Sweet potato casserole topped with nicely toasted marshmallows;

All (and I do mean all) the trimmings;

Pumpkin pie;

Pecan pie;

Hot chocolate with (you guessed it!) tiny marshmallows and crème de menthe; and

A viewing of
Home Alone.

So, anyway, please let me know that you’re safe and that there were some marshmallows involved in your Christmas Day experience. And I hope that next Christmas is everything you dream it will be.

Love from Talia

January 3

Dear Talia—

The painting is incredible. So was your letter. They were the best parts of my Christmas Day.

All I can say is—thank you.

Wishing you a wonderful New Year,

Tony

P.S. There was a tiny marshmallow sliver on my sweet potatoes, and the turkey was quite edible, so fear not.

P.P.S. I hope Paul appreciates how special his Christmas was.

January 17

Dear Tony—

Paul reports that his Christmas Day with his family in L.A. was lovely. I, meanwhile, had a great holiday here in NYC with my sister and friends. Paul and I are on a “break,” which means that we are reevaluating our relationship and whether we want to move in together or go our separate ways.

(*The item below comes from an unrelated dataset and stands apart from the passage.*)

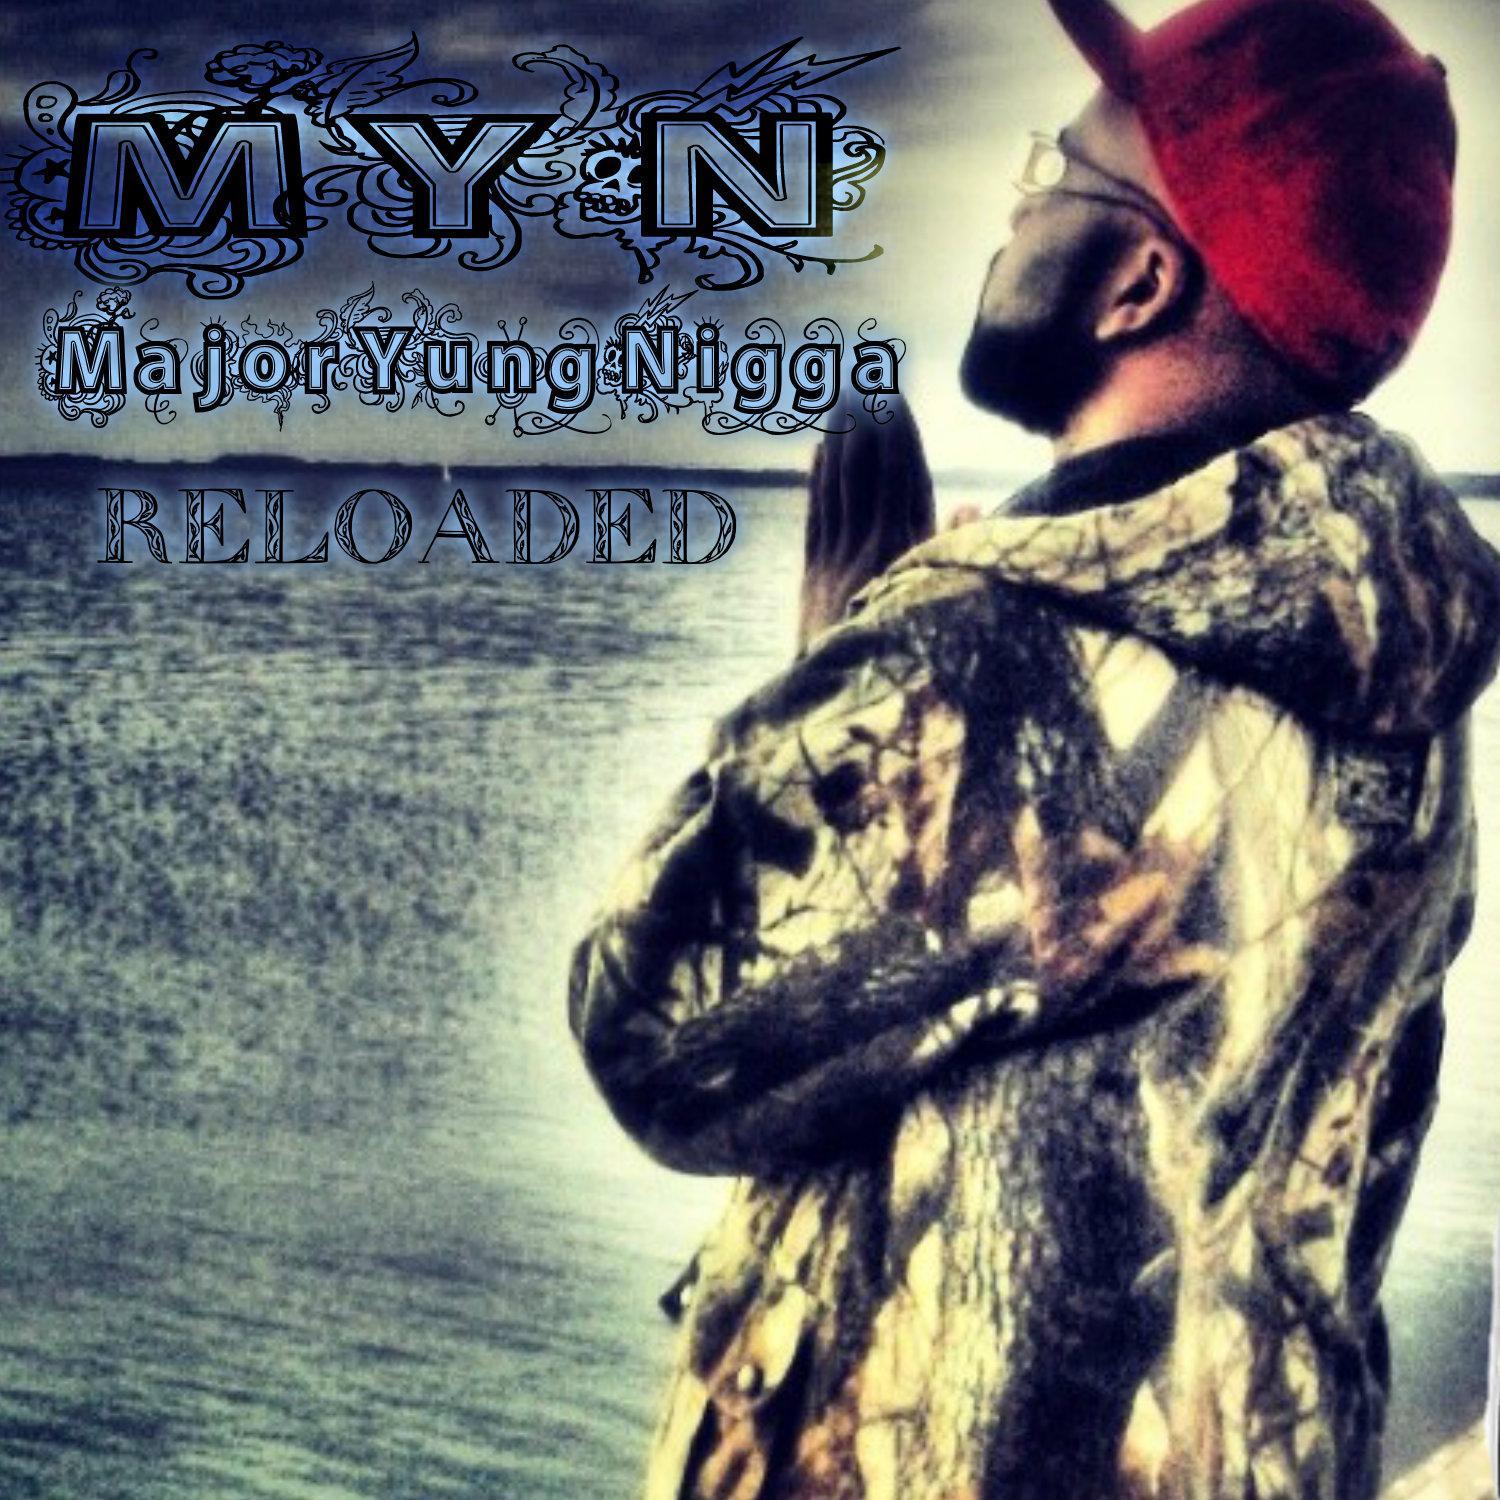 #MYN MajorYungNiggaReloaded Dropping Soon For Booking Info & Features Contact...PullUpGang @haywoodpullupgang@gmail.com Or Call {904}729-6757

I have never been on a “break” before, so I have no idea how this will turn out.

Oh, and before I forget to mention it—don’t think that I haven’t noticed the way you always dodge my questions about your experience in Afghanistan. Is it that I don’t have the appropriate security clearance?

I’ve decided to try you on something new—habanero potato chips! The store clerk had to use tongs to put them into the shopping bag, so I think they should be perfect for you!